> **What you will do**
The data must be given again exactly as written, with all images omitted.

> **Information supplied**

────────────────────

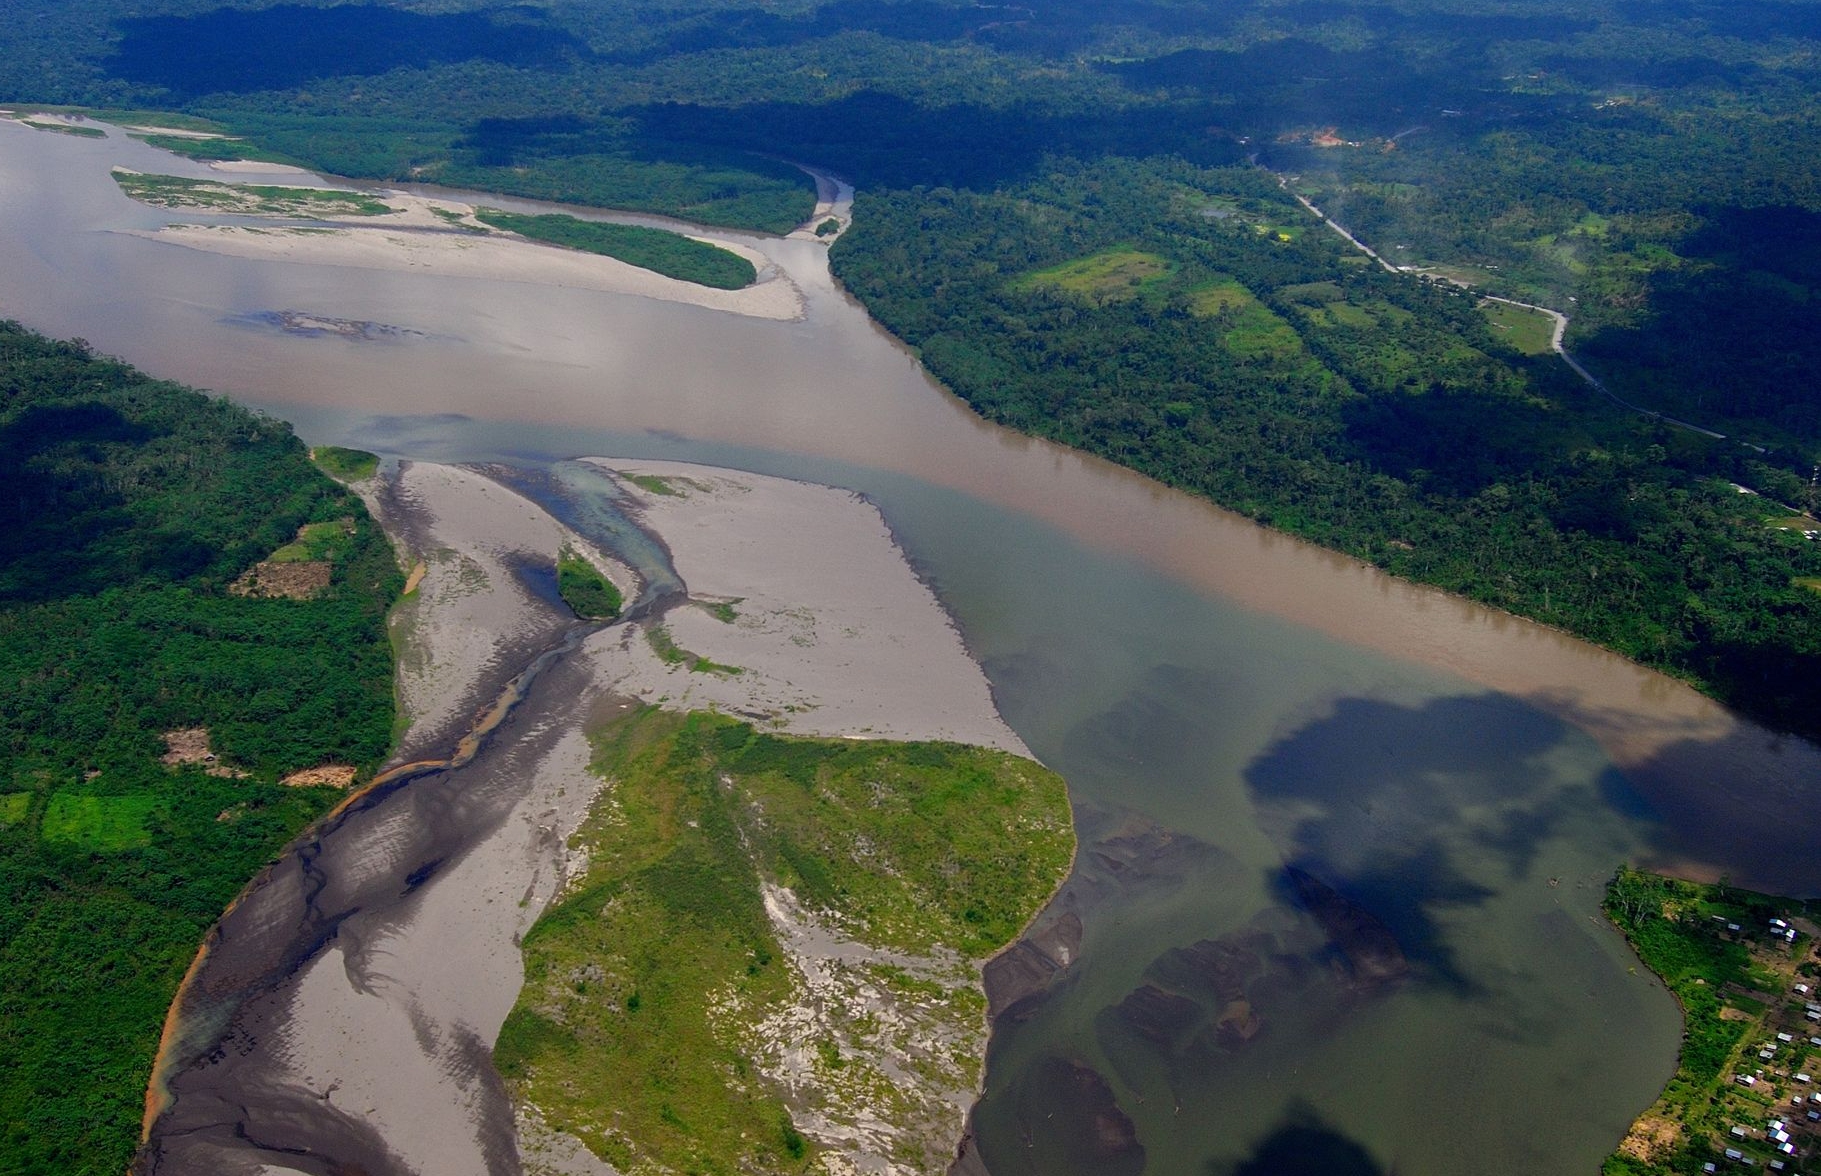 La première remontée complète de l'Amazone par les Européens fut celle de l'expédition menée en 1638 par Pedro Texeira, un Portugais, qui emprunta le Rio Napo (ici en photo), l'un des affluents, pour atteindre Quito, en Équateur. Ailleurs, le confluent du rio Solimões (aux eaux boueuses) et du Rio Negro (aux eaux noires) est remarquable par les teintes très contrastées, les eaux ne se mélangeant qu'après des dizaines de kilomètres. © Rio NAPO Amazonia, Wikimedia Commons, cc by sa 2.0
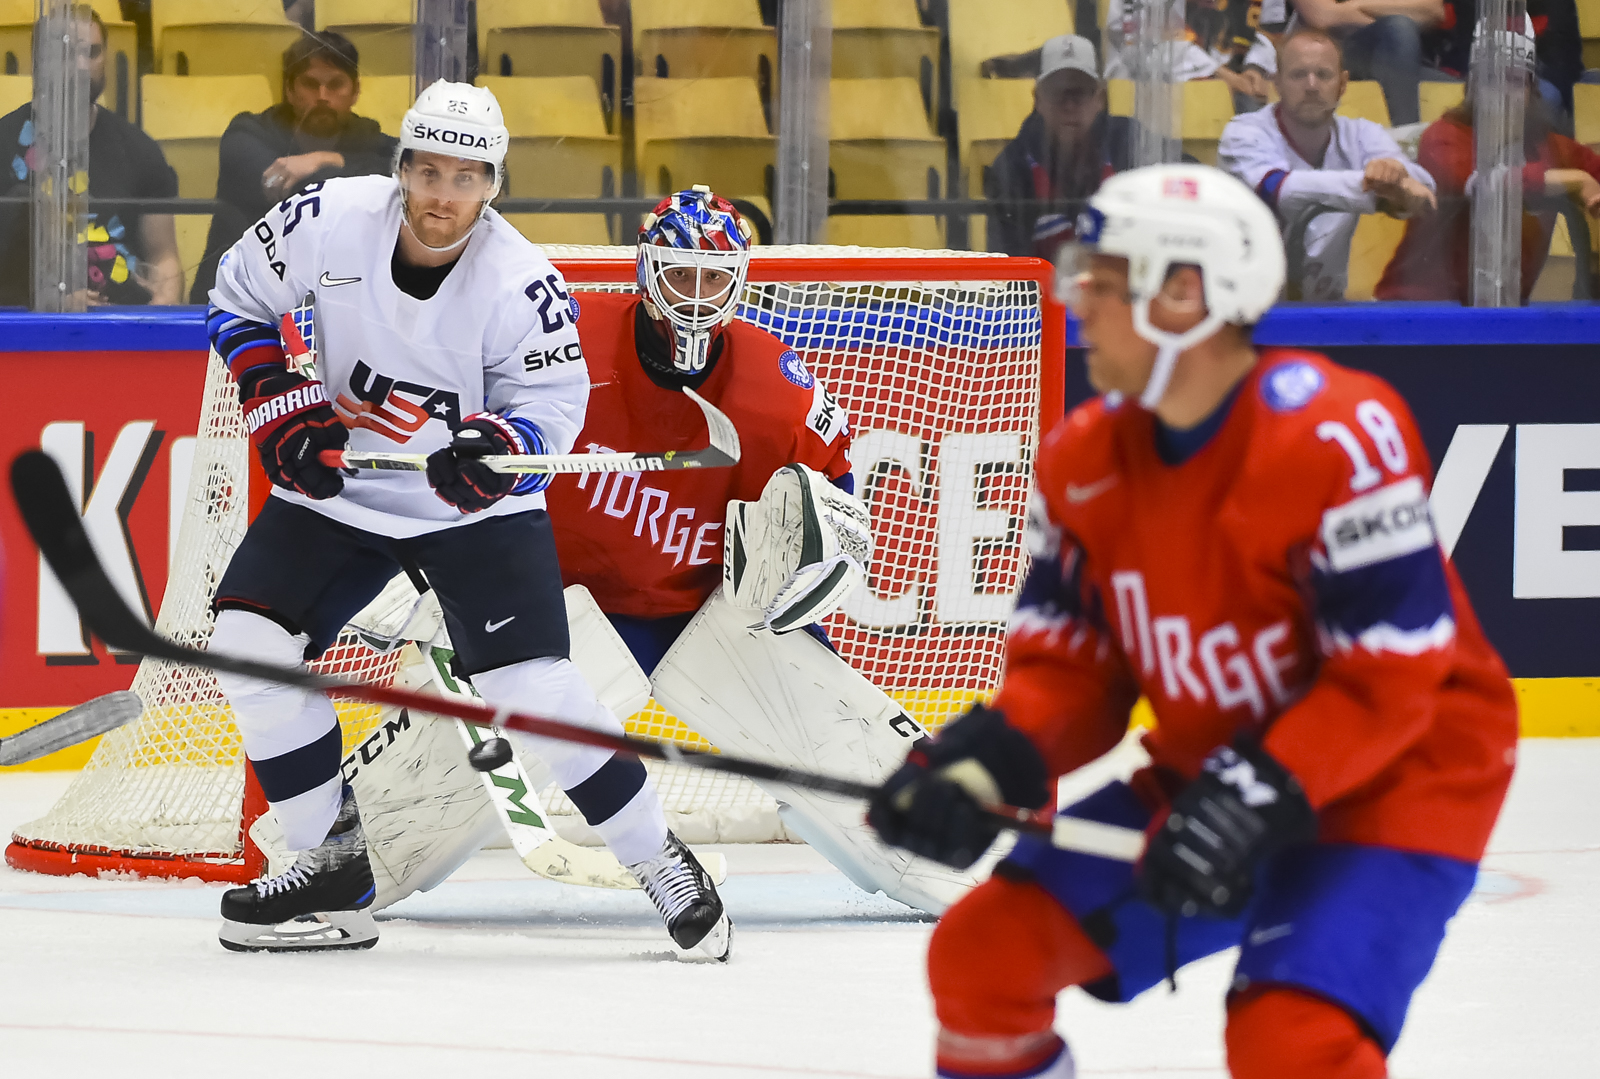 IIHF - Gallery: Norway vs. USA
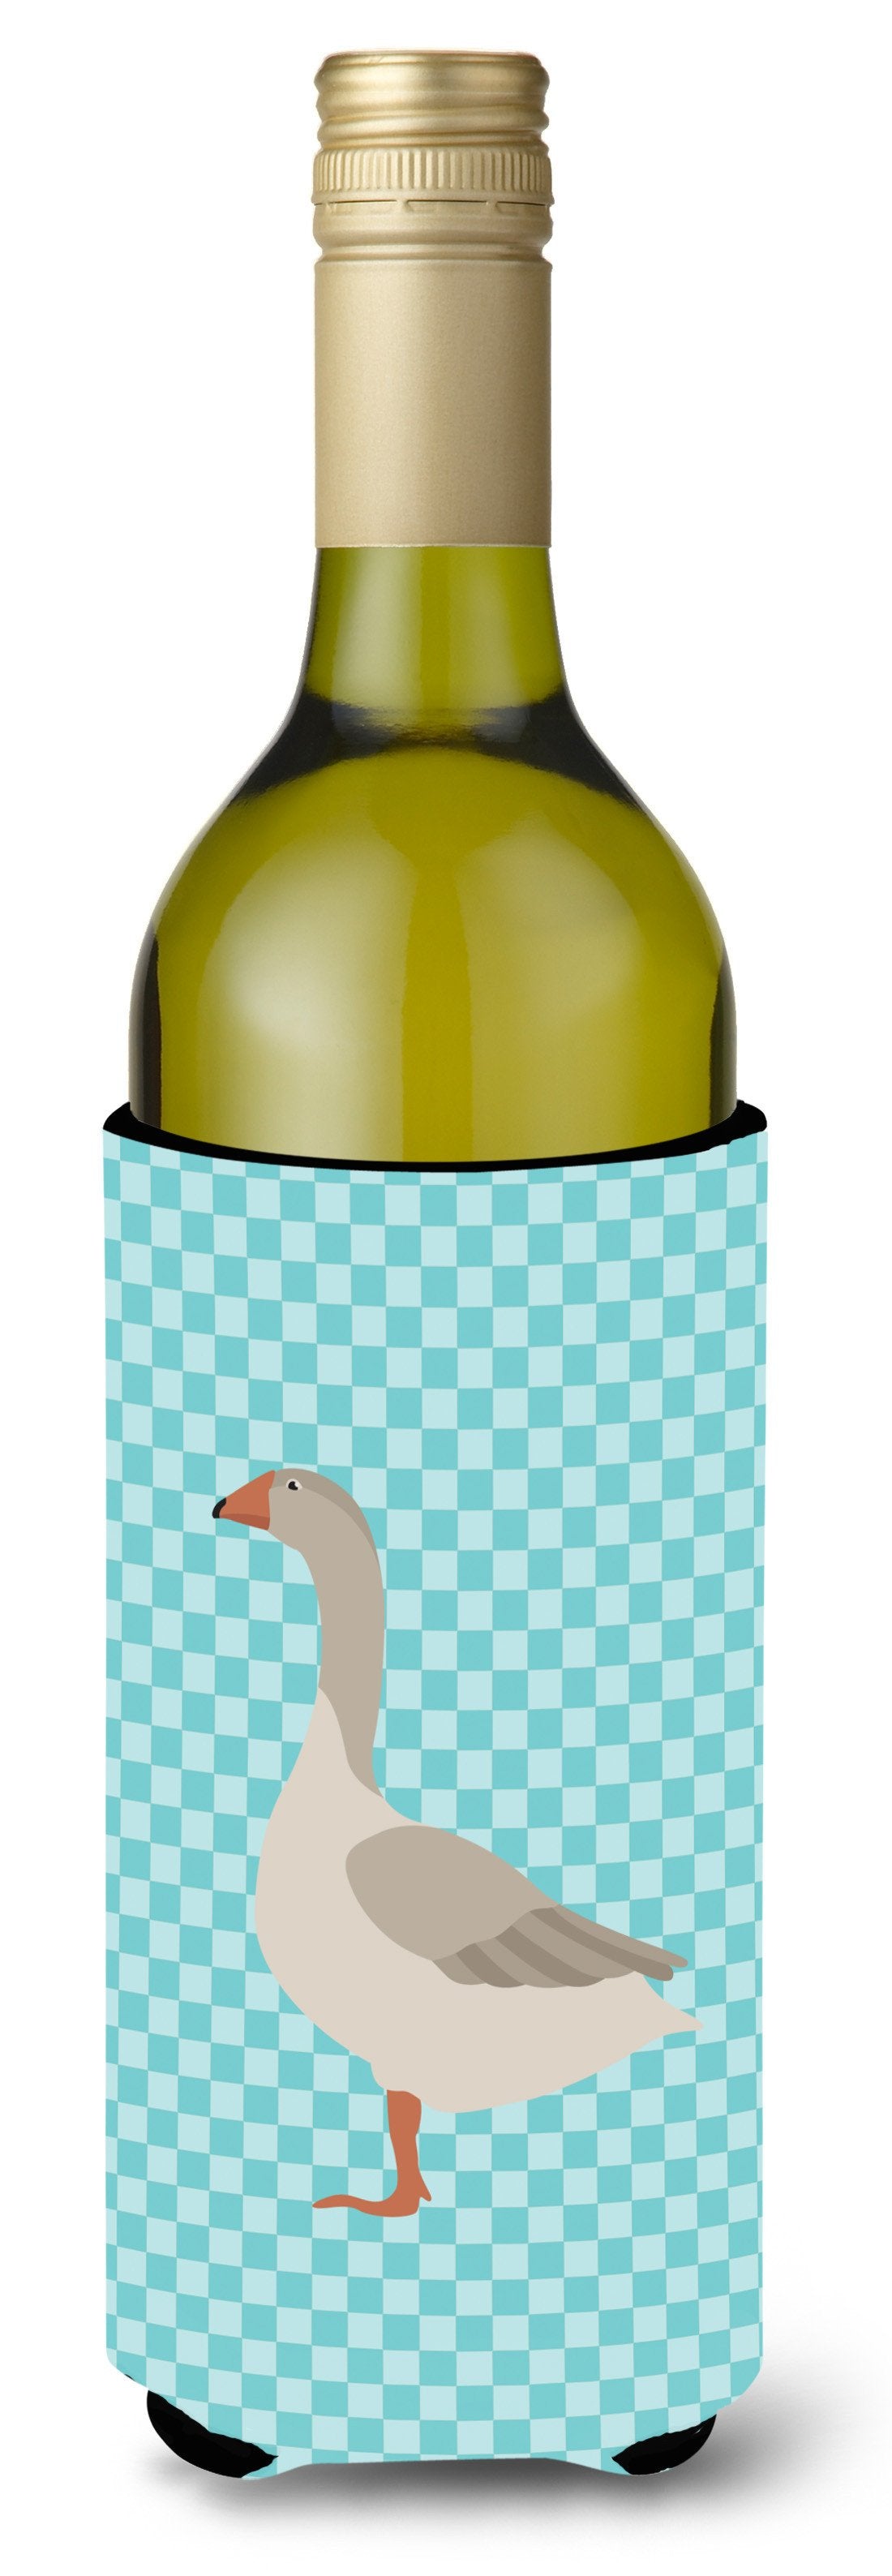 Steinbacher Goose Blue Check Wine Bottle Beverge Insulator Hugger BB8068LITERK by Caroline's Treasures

────────────────────

> **Answer area**
 La première remontée complète de l'Amazone par les Européens fut celle de l'expédition menée en 1638 par Pedro Texeira, un Portugais, qui emprunta le Rio Napo (ici en photo), l'un des affluents, pour atteindre Quito, en Équateur. Ailleurs, le confluent du rio Solimões (aux eaux boueuses) et du Rio Negro (aux eaux noires) est remarquable par les teintes très contrastées, les eaux ne se mélangeant qu'après des dizaines de kilomètres. © Rio NAPO Amazonia, Wikimedia Commons, cc by sa 2.0
 IIHF - Gallery: Norway vs. USA
 Steinbacher Goose Blue Check Wine Bottle Beverge Insulator Hugger BB8068LITERK by Caroline's Treasures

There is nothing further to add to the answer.